▶ **Recorded information**
----

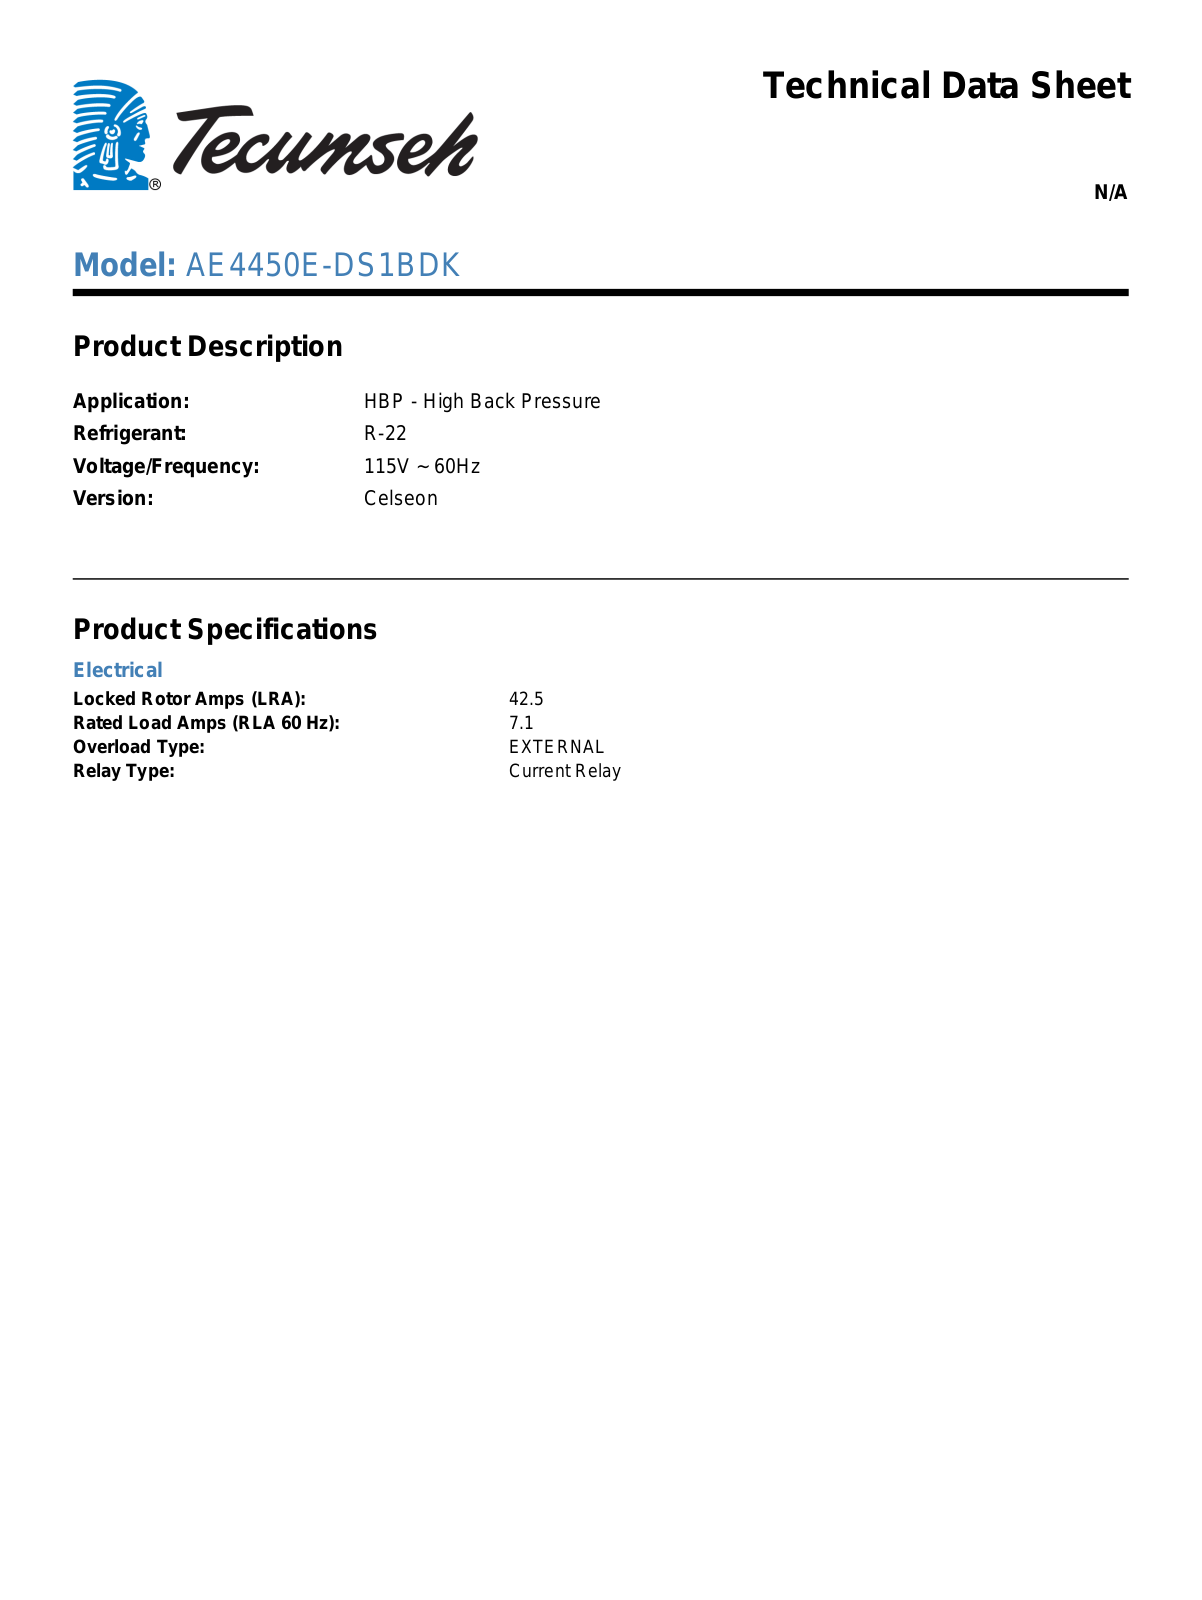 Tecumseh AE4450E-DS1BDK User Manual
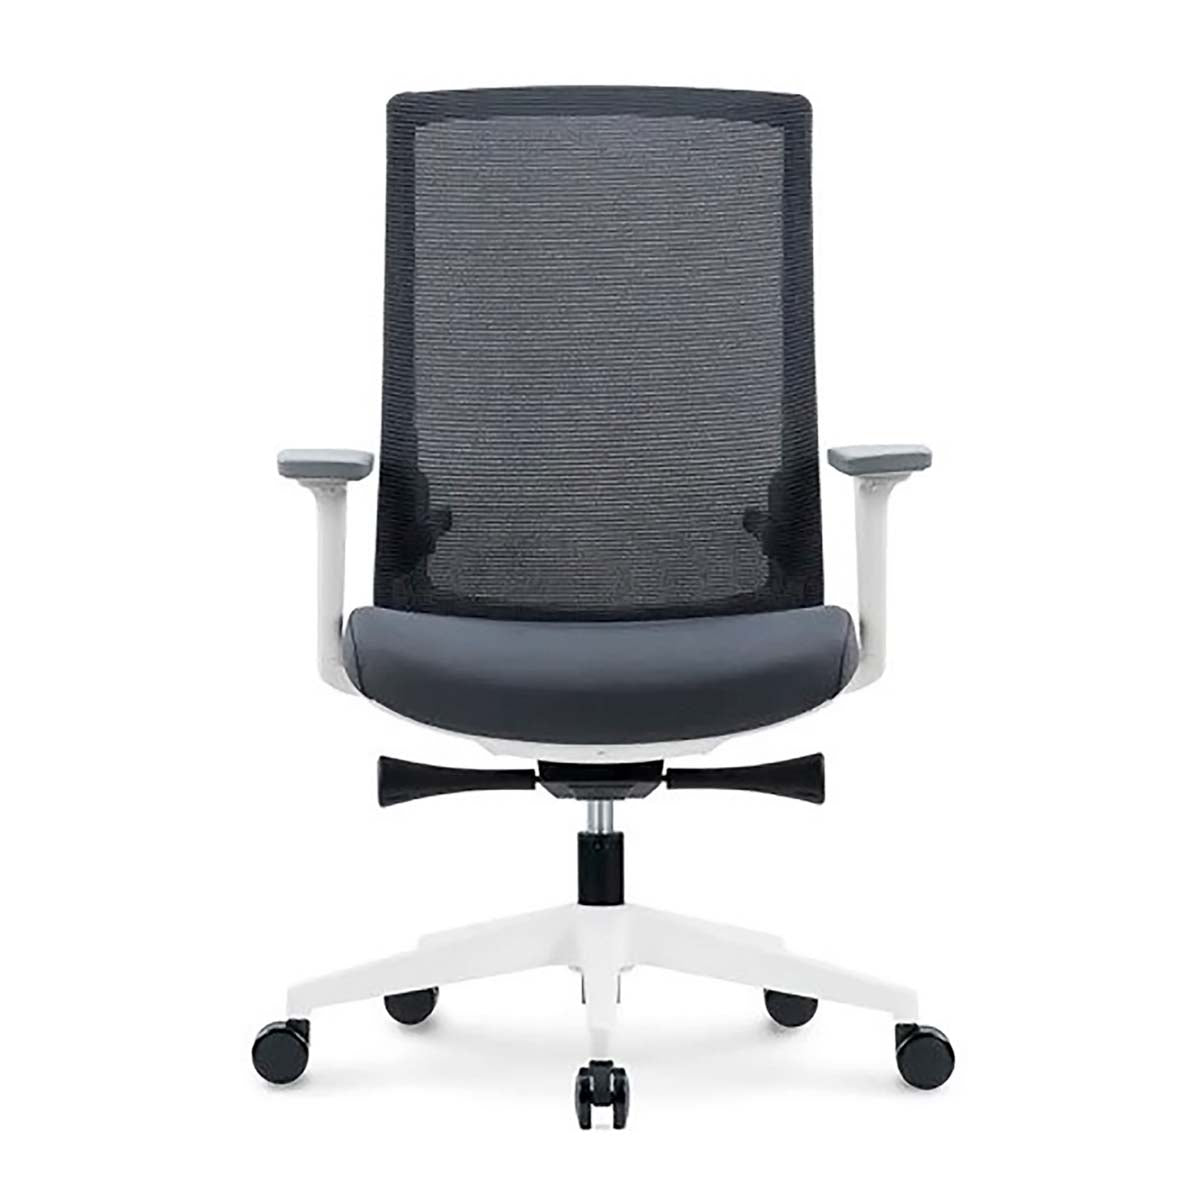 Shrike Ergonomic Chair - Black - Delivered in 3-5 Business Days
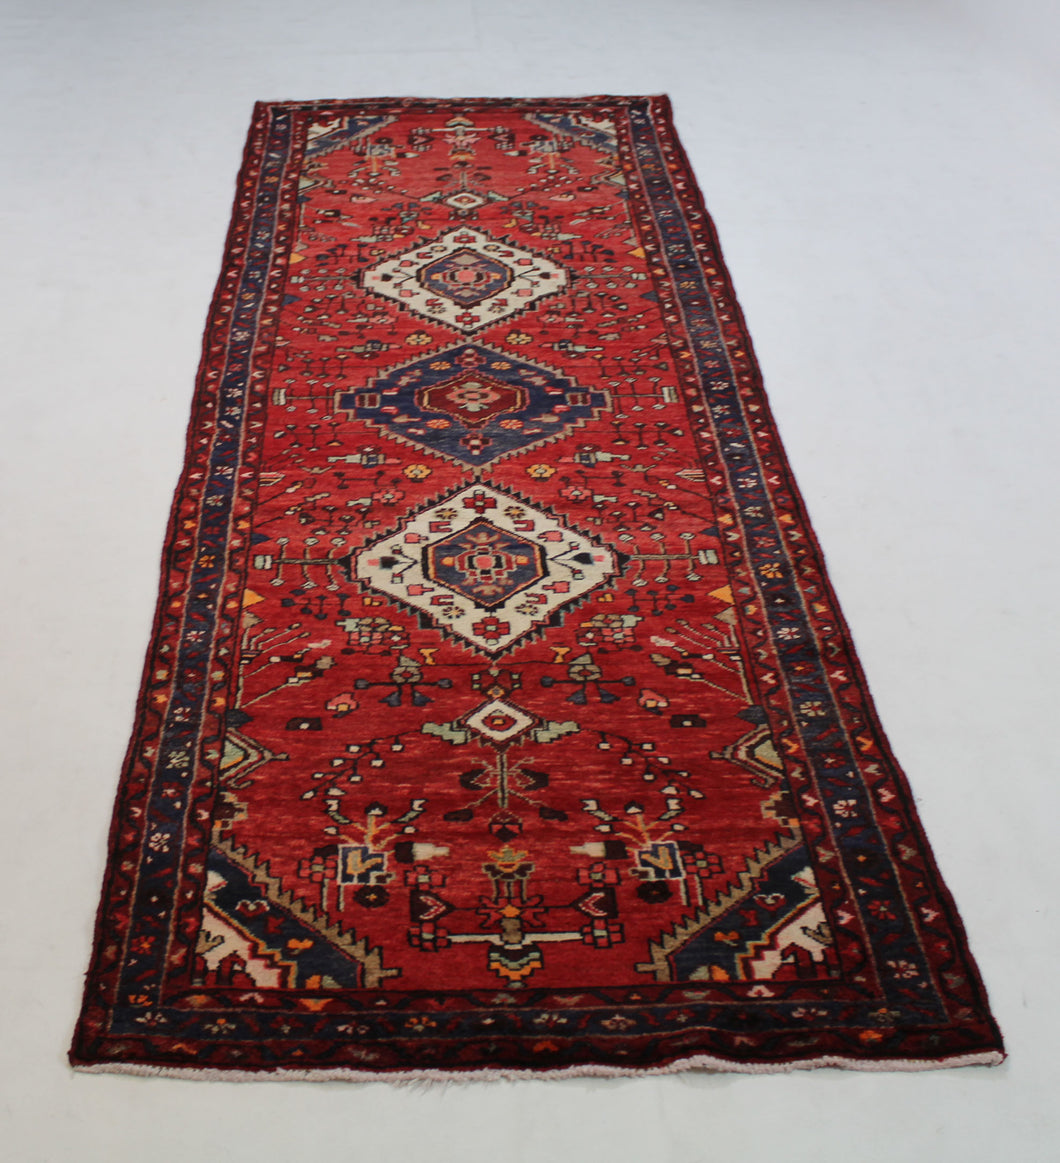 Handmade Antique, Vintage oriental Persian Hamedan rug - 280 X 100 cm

----

▶ **Problem**
Please transcribe the listing exactly as it stands, but omit its pictures.

▶ **Exercise result**
 Tecumseh AE4450E-DS1BDK User Manual
 Shrike Ergonomic Chair - Black - Delivered in 3-5 Business Days
 Handmade Antique, Vintage oriental Persian Hamedan rug - 280 X 100 cm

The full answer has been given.